The area is a former "native reserve", or "homeland," as defined by racialized territorial segregation under German and South African colonialism. Imperial policy makers initially attempted to set the area apart as a labor reserve, but at least since the 1960s, as a consequence of a development intervention known as the "Odendaal Plan", the area became a site of livestock petty commodity production (PCP). A customary land distribution system also developed, resulting from complex political processes involving various factions of traditional power, who mobilized different notions of custom and tradition, and their social constituencies. The subordination of livestock PCP in the area conforms to the development-underdevelopment relationship which, as typically entailed in modern imperialism, is based on the super-exploitation of peripheral labor. In this case, subordination of livestock PCP also conforms to the notion of "imperialist rent", as it obtains from what I have labeled the "calves-supply function". That is, land scarcity forces communal petty commodity producers to sell livestock before it has fully grown, and the white farmers buy the calves and grow them to full weight in their large, private farms, thus realizing all the value bred in the communal areas.

After Namibian independence in 1990, commercial land reform has not attained remarkable results in the redistribution of white commercial farmland, while communal land reform has not protected vulnerable rural dwellers. In the three sub-areas into which I divided the area of study, variegated processes of class differentiation, as expressed in the individuation and illegal fencing of land to the detriment of customary land distribution, are not leading to development but are rather deepening the conditions of underdevelopment and the subordination of livestock PCP, therefore aggravating the crises of production, reproduction and the environment.

Since the 2010s, the Program for Communal Land Development (PCLD), partly funded by the EU, advocates for the regularization of existing enclosures and the creation of new ones under a privatizing rationale.
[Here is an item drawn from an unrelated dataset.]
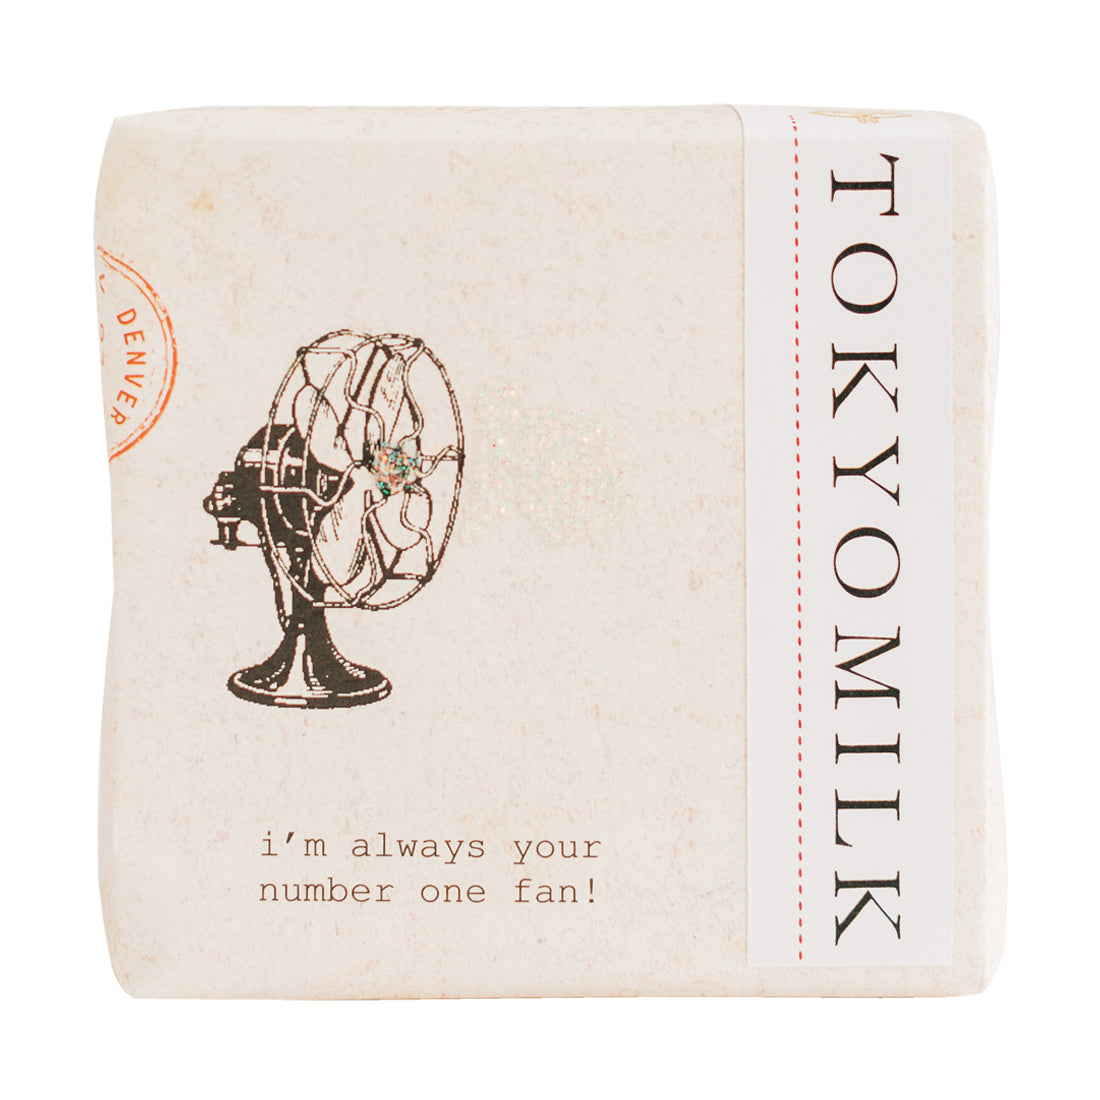 A vintage-style postcard featuring an illustration of an old desk fan. The text on the card reads "I'm always your number one fan!" with decorative borders and Margot Elena's TokyoMilk Finest Perfumed Soap - Always Your #1 Fan stamp.
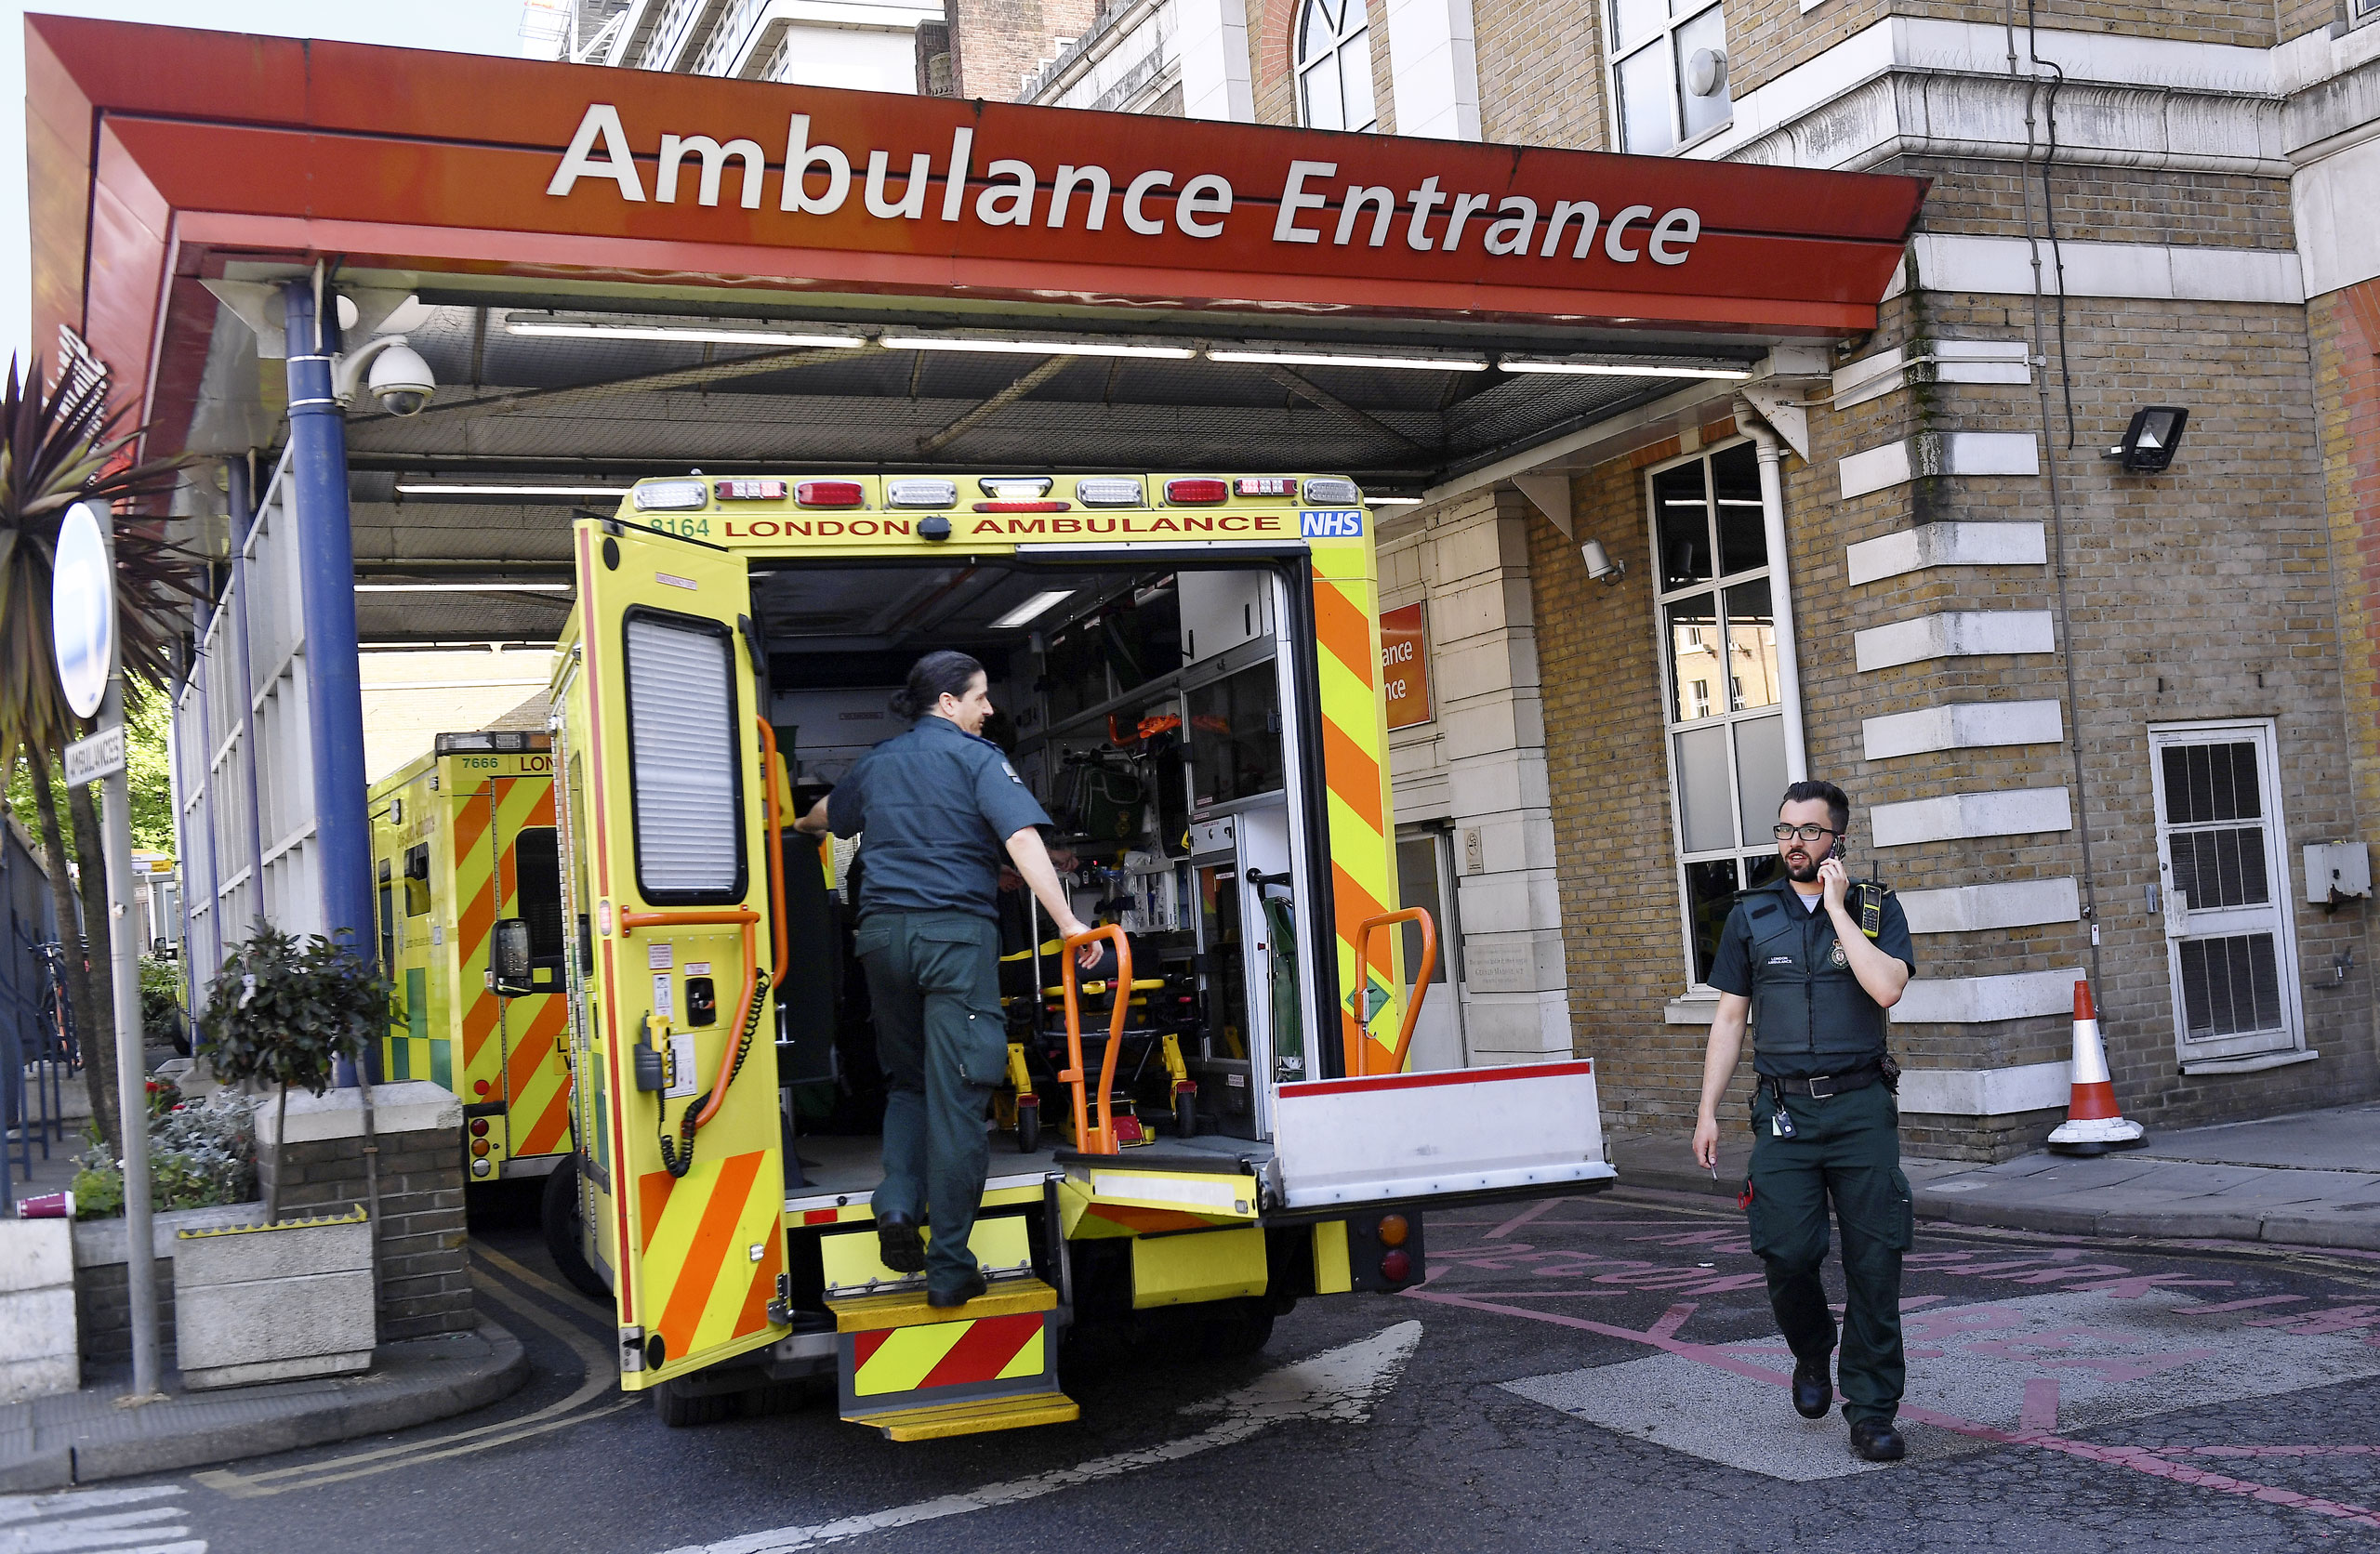 The cyberattack stalled computer systems worldwide, including those at several hospitals across England (Andy Rain—EPA/Redux)

The program has been reoriented, if timidly, to avoid deepening the dispossession of poorer rural dwellers. Yet the expectation of regularization fostered the individuation and fencing of land on the initiative of wealthy local residents and other national elites. In any case, PCLD ultimately aims to satisfy, in the communal areas, the land demands of these elites, thus easing the pressures on the government to redistribute white-owned land. That is, to protect white landed property. Alternatives to this course of events have been proposed by some interlocutors during the field research, while PCLD is piloting a cooperative scheme in Gam, far to the east of the area of study. Should these endeavors be successful, a path for self-determined development may open; otherwise, the political and social stability of the country will be seriously compromised.